カミキリ×エクステンション
Laurel cLown
第一話 宿命が彼の名を呼んだなら-1
「情報を……喰わなければ……明晰な頭脳……新鮮な知識……」
夜の新宿を浮浪者が独り言を呟きながらおぼつかない足取りで歩いていた。
浮浪者は全身が痩せこけて服装も汚らしかったが、頭に被っている野球帽だけは新品のように綺麗だった。
「ぐすっ……ぐすっ……」
駅の前で女の子が泣いていた。
浮浪者は泣いている女の子の顔を覗き込むように姿勢を低くする。
「オマエ……なぜ泣く……」
「ぐすっ……気づいたら誰もいなくなっていて……」
「なるほど……迷子という奴か……」
浮浪者はそう言うと、女の子に首を垂れた。
「ならば……オレサマの帽子を被れ……オマエの持つこの星の情報と引き換えにオマエを両親の元まで送り届けてやる」
「……本当?」
「ああ……ヤクソクする……」
女の子は浮浪者の野球帽に手を伸ばす。
「おっと、そうはいかない」
しかし、何者かが女の子の手を払い、浮浪者の頭から野球帽を奪い取った。
『ナニモノダ!?』
「私は通りすがりの美人お姉さんだ。いたいけな少女に怪しげな帽子を勧める輩にお説教をしようかと思ってね」
現れたのは二十代半ばの長い髪を持つ女だった。
女の髪は濡れ鴉のように黒かったが、頭頂部から跳ねている触覚のような一本のアホ毛だけは藍色のメッシュが入っていた。
女は手に持った野球帽を興味深そうに眺める。
『ジ、ジロジロミルナ! ハズカシイダロ!』
「いや、喋る帽子なんて見るのは初めてだからさ」
『……オマエ、オレサマノコトバガキコエテイルノカ?』
「もちろん。でも、君はまだまだ片言だ」
「お姉ちゃん……誰とお話をしているの? さっきから頭の中で声がするの……」
さっきまで泣いていた女の子が怪訝な表情で女に尋ねる。
「この帽子さんとお話しているんだ。……と言っても、きっと信じられないだろう。だけど、大丈夫。君のことはちゃんとお巡りさんのところまで連れて行ってあげよ
う。
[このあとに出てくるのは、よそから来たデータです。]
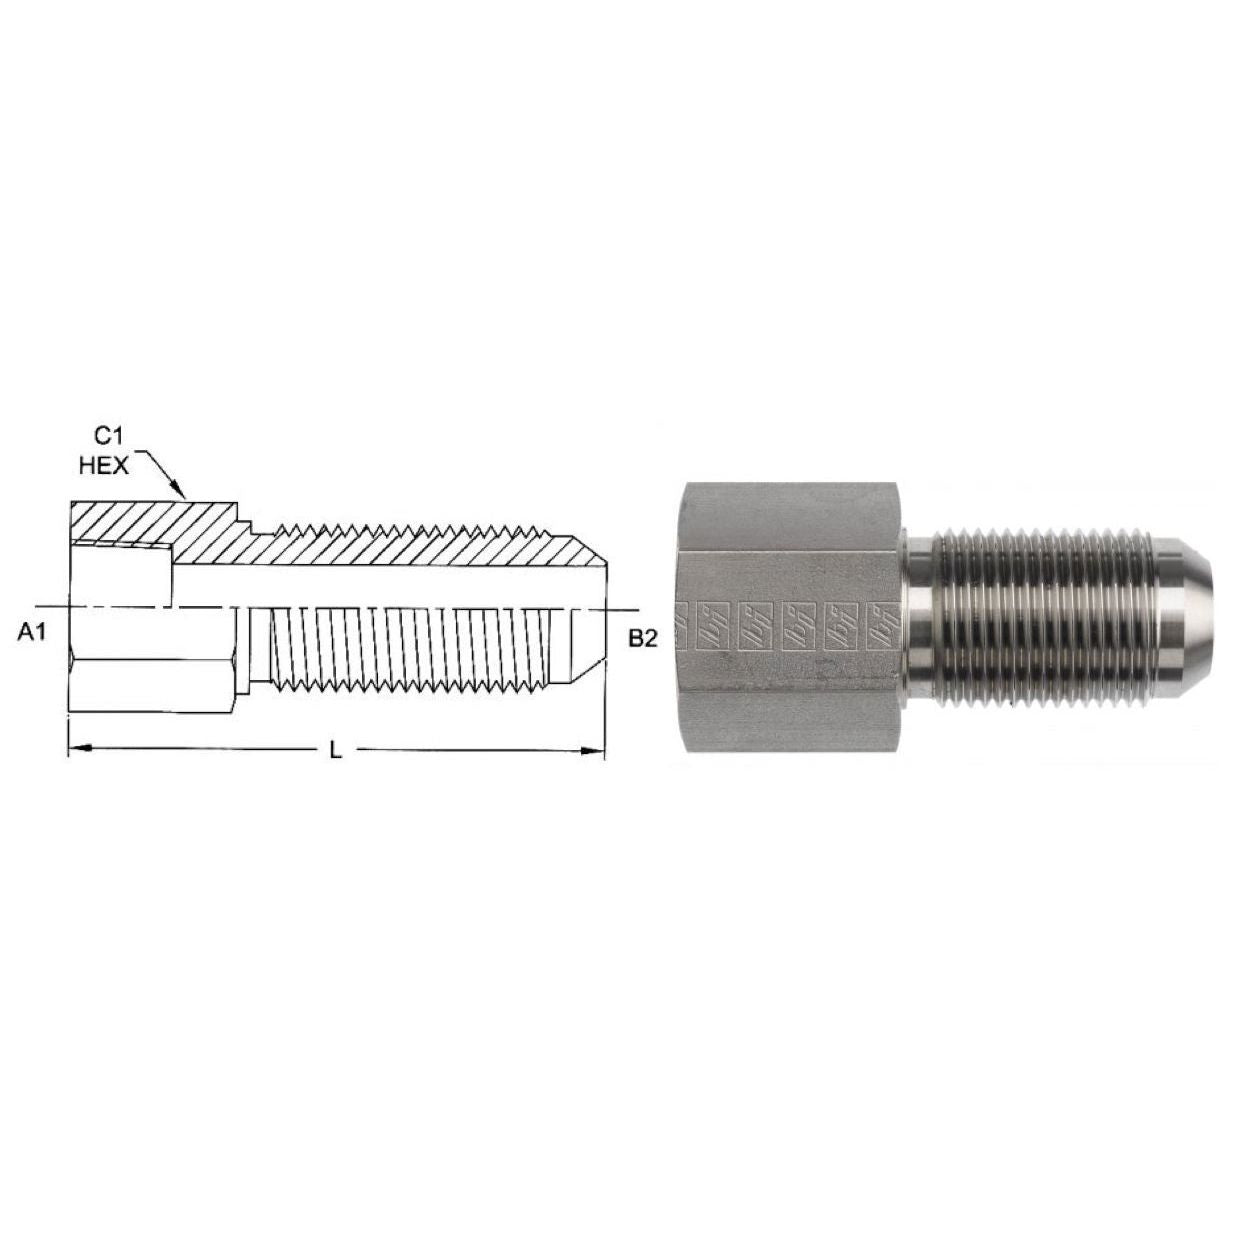 2705-06-08 : OneHydraulics Bulkhead Adapter, Straight, 0.375 (3/8") JIC JIC x 0.5 (1/2") Male, Steel, 6000psi

それと、そっちのおじさんも起こしてあげないといけない」
二人の傍では浮浪者が気を失って倒れていた。
『コノオトコハネムッテイルダケダ。オレサマノ「キャプチャー」デタイリョクヲツカイハタシタノダロウ』
「被った相手の頭脳を乗っ取る能力か……面白い。あの子の誕生日プレゼントは君で決まりだな」
女は野球帽を自分のバッグにしまい込む。
『ナ、ナニヲスル! オレサマヲドコニツレテイクキダ!』
「君に新しい友達を紹介してあげよう」
『トモダチ? フザケルナ! オレサマガオマエラノヨウナカトウセイブツトトモダチ二ナドナッテタマルカ!』
「だったら、家族になろう。君には私の弟の家族になって欲しい」
『カゾク? ソレハナンダ?』
「君は家族を知らないのか?」
『オレサマノホシデハソノヨウナコトバヲキイタコトガナイ』
「家族は誰もが知っている普通の言葉だと思うが……まあ、それはそれとして君は一人称が俺様だし、お兄ちゃんってことになるのか? いや、兄貴とかの方がいいかもしれない」
『カッテニハナシヲススメルナ!』
「私の弟はハサミという名前だ。どうか、あの子の傍にいてあげてくれないかな」
『…………』
野球帽は呆れて沈黙するが、表情などが読み取れないのせいか、女はそれに気づかず微笑んでいた。
× × ×
とある秋の日の昼下がり、バンカラな恰好の少年がアメリカンハイスクールの廊下を駆
け抜けていた。
『ハサミ! 何をチンタラ走ってやがる! もっと足を動かせ!』
「充分速く走っているつもりだよ、アニキ」
少年は頭の中に響く声に対して呟くように答えた。
十七歳の少年は大正ロマンを感じさせるマント付きの詰襟学生服を着用しているが、明らかにこの学校の生徒ではない。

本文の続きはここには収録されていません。